══ Exercise data

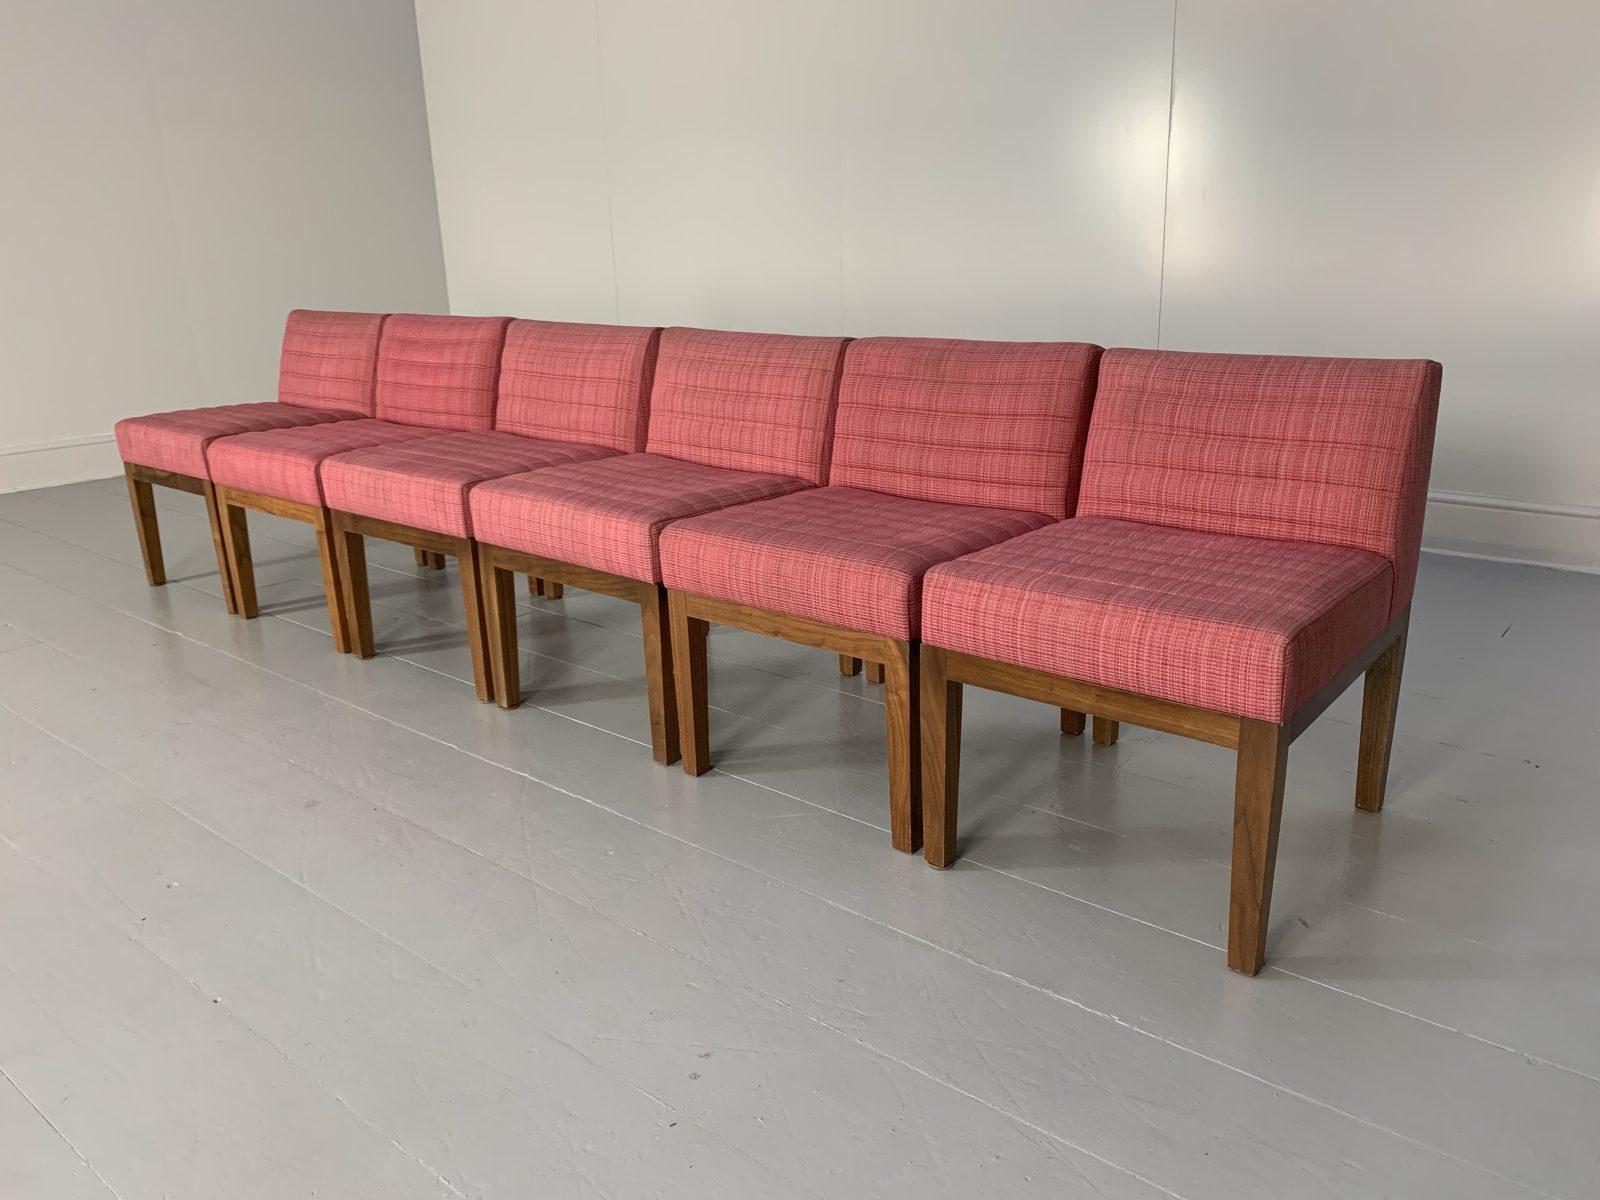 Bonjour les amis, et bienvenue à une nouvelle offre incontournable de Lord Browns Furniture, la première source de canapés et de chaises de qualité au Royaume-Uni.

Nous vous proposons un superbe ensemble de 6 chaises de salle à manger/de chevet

════
══ Exercise data

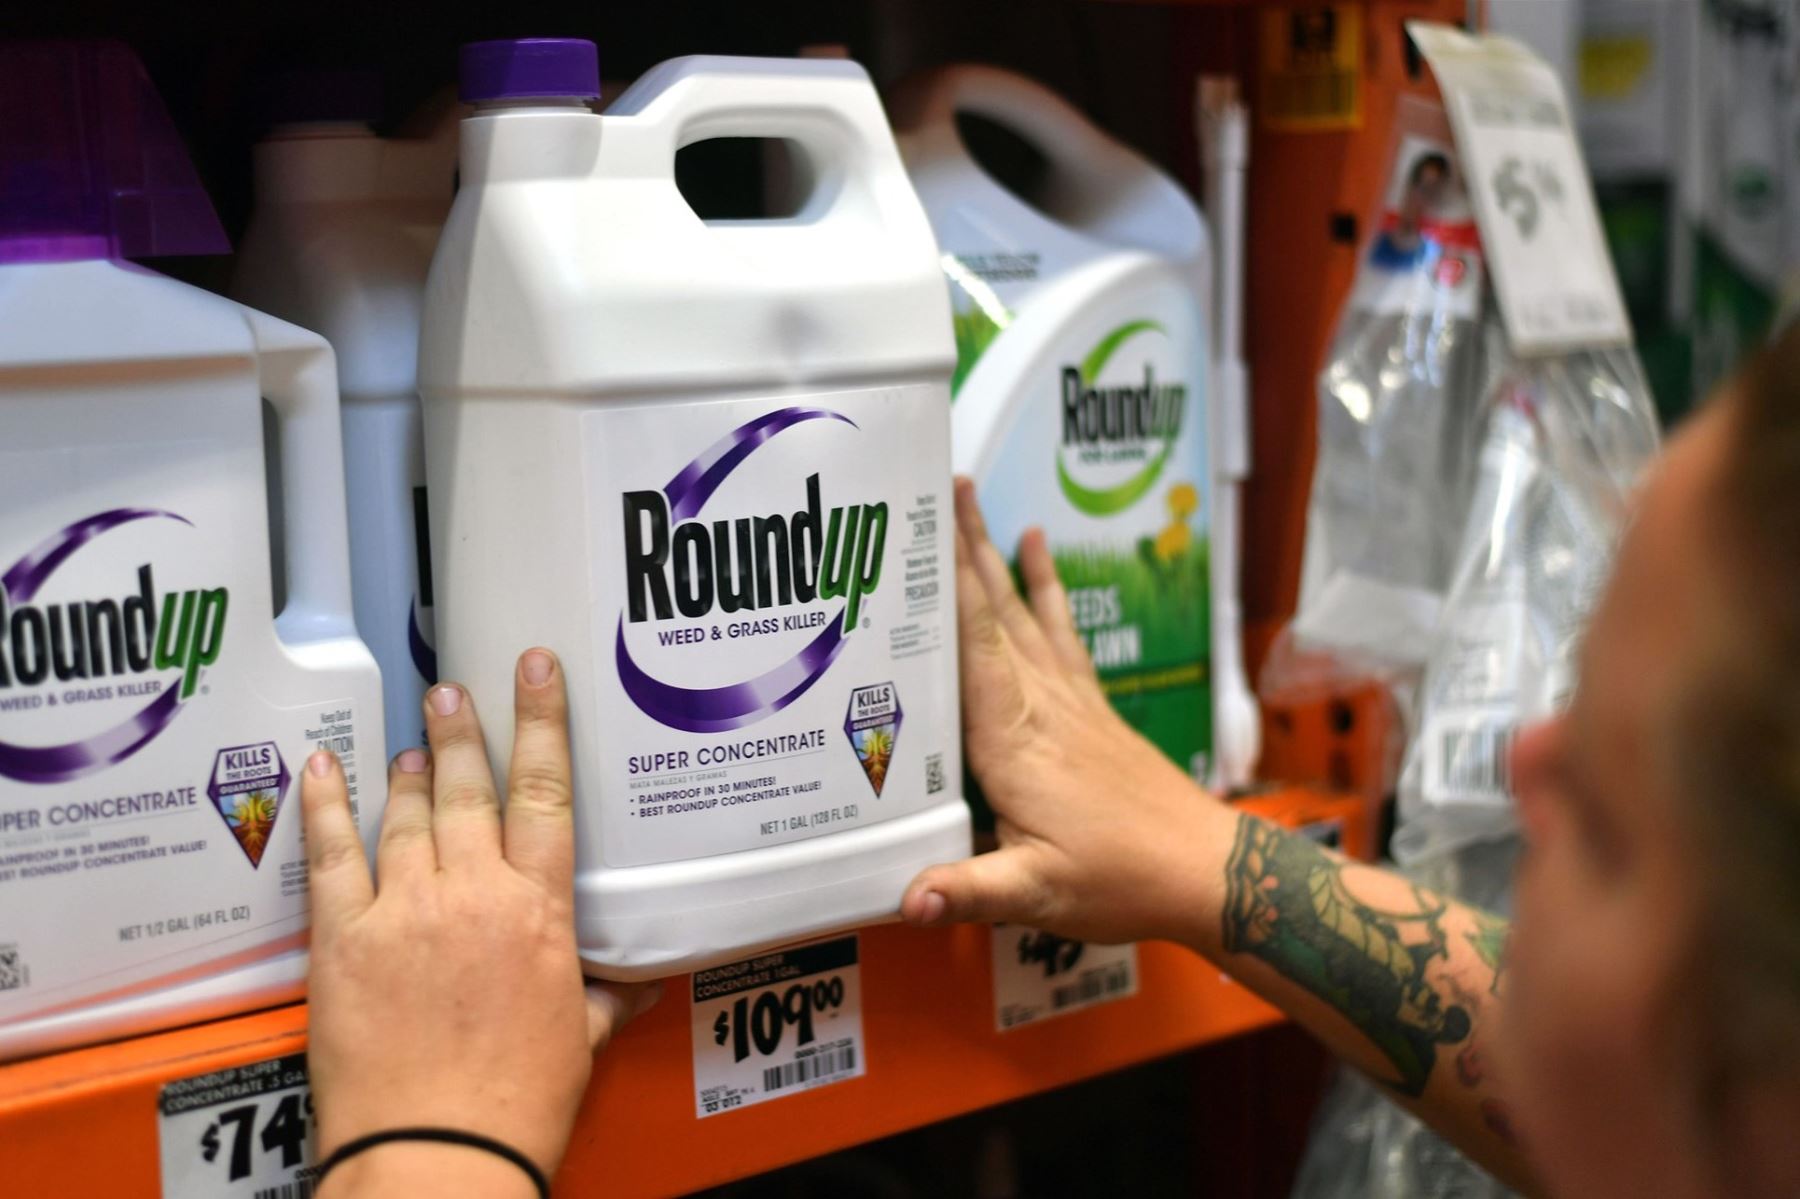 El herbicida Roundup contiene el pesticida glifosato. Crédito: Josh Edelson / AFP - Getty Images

════

**What is required**
In the listing above, find the line with "Bonjour les amis, et" and the line with "Nous vous proposons". Set down both and every line between them, minus the pictures.

**Exercise answer**
 Bonjour les amis, et bienvenue à une nouvelle offre incontournable de Lord Browns Furniture, la première source de canapés et de chaises de qualité au Royaume-Uni.

Nous vous proposons un superbe ensemble de 6 chaises de salle à manger/de chevet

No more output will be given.